Here is a minimal example:
using ImplicitDifferentiation, ForwardDiff
x = rand(100) # length(x) must be larger than the chunk size to see the effect
function sqrt_fixedpoint(x::AbstractArray)
y = ones(eltype(x), size(x))
for _ in 1:10
y .= 0.5 .* (y .+ x ./ y)
end
y
end
function forward(x)
println("forward called")
sqrt_fixedpoint(x)
end
conditions(x, y) = 0.5 .* (y .+ x ./ y) .- y
implicit = ImplicitFunction(forward, conditions)

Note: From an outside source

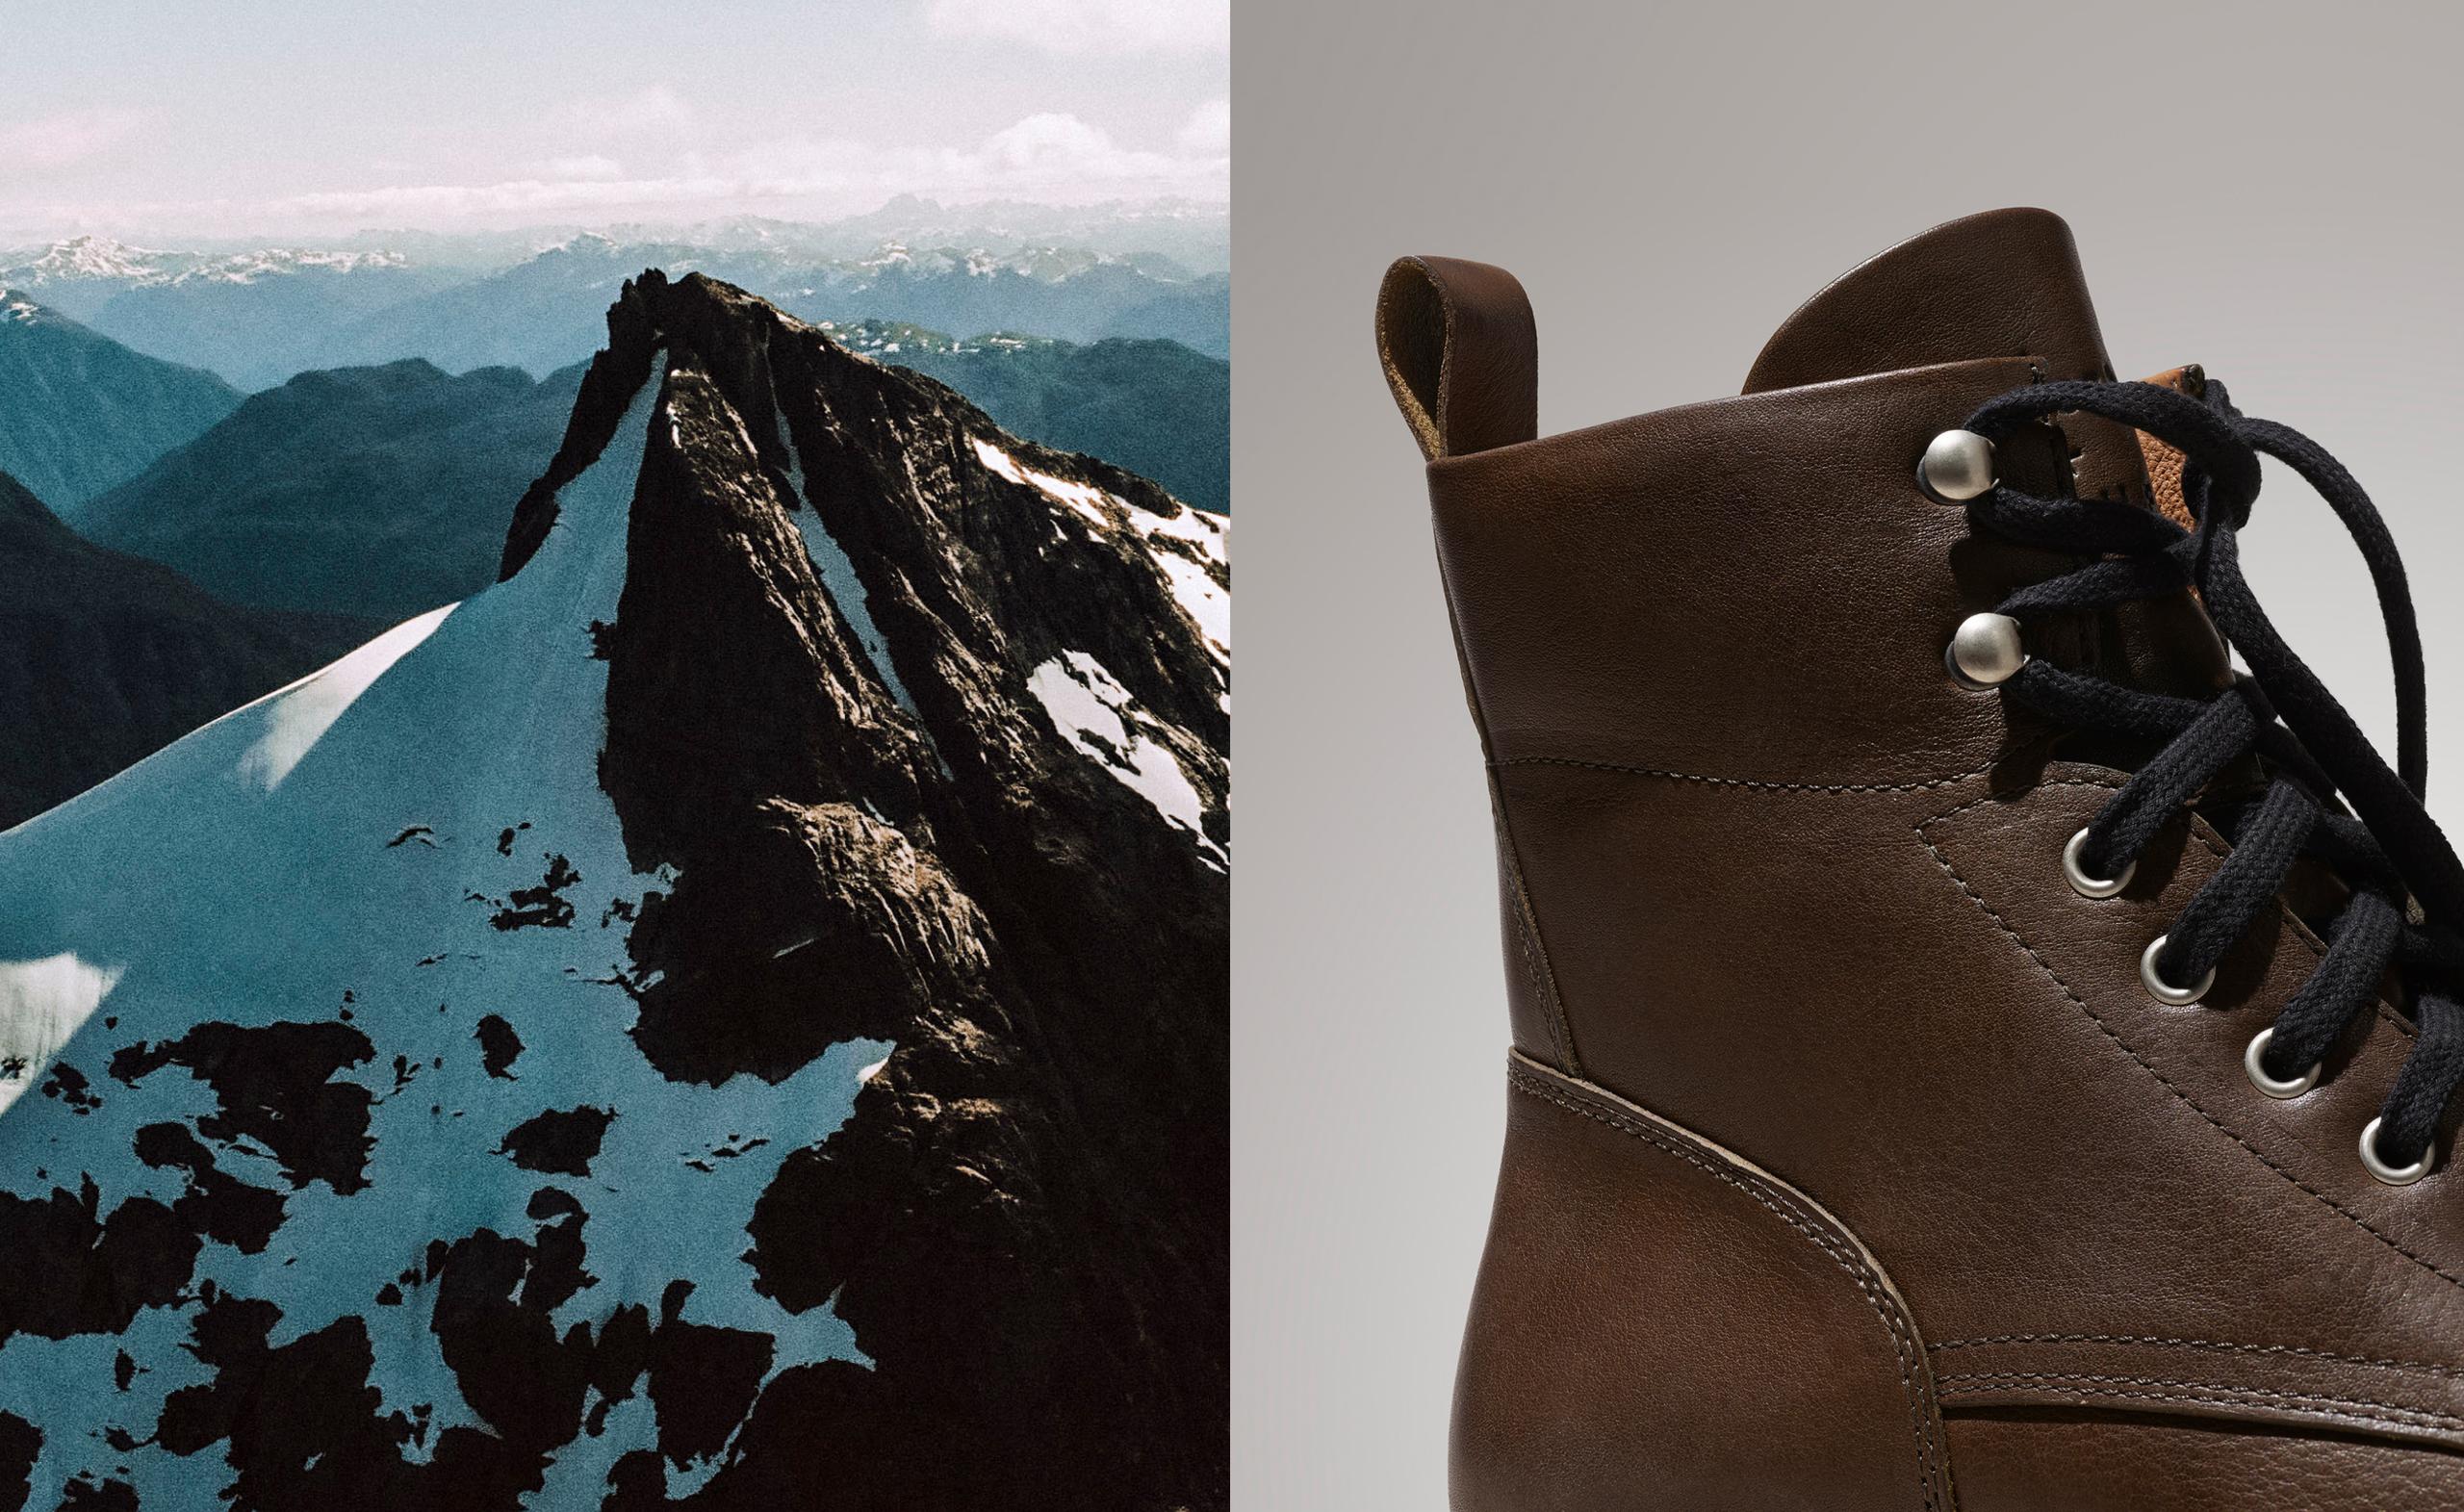 Snowy mountain peak in Patagonia juxtaposed next to a tight crop of the tall leather Canyon Boots

ForwardDiff.jacobian(implicit, x)
Output:
forward called
forward called
forward called
forward called
forward called
forward called
forward called
forward called
forward called
100×100 Matrix{Float64}:
...
This behavior is expected, as forward differentiation should return also the value of the function (for which we need to call forward
) along with the partials. But for chunked evaluations of derivatives, this is redundant and may be a major performance issue if forward
is expensive.
As a workaround, you could precalculate the solution and short-circuit the forward pass:
function forward(x; y_solution=nothing)
if !isnothing(y_solution)
println("forward called with y_solution, no work required")
return y_solution
end
println("forward called, doing expensive computation")
sqrt_fixedpoint(x)
end
conditions(x, y; y_solution=nothing) = 0.5 .* (y .+ x ./ y) .- y
implicit = ImplicitFunction(forward, conditions)
y_solution = implicit(x)
ForwardDiff.jacobian(_x -> implicit(_x; y_solution), x)
Output:
forward called, doing expensive computation
forward called with y_solution, no work required
forward called with y_solution, no work required
forward called with y_solution, no work required
forward called with y_solution, no work required
forward called with y_solution, no work required
forward called with y_solution, no work required
forward called with y_solution, no work required
forward called with y_solution, no work required
forward called with y_solution, no work required
100×100 Matrix{Float64}:
...
It seems to me as if there is no sane way of solving this directly in the implementation of implicit
for dual numbers. You would need to have some caching mechanism for the function value, which goes against the general idea of forward mode autodiff.
Maybe it would be useful to add the workaround to the documentation, the sections "Advanced use cases" or "Tricks" seem to be good places.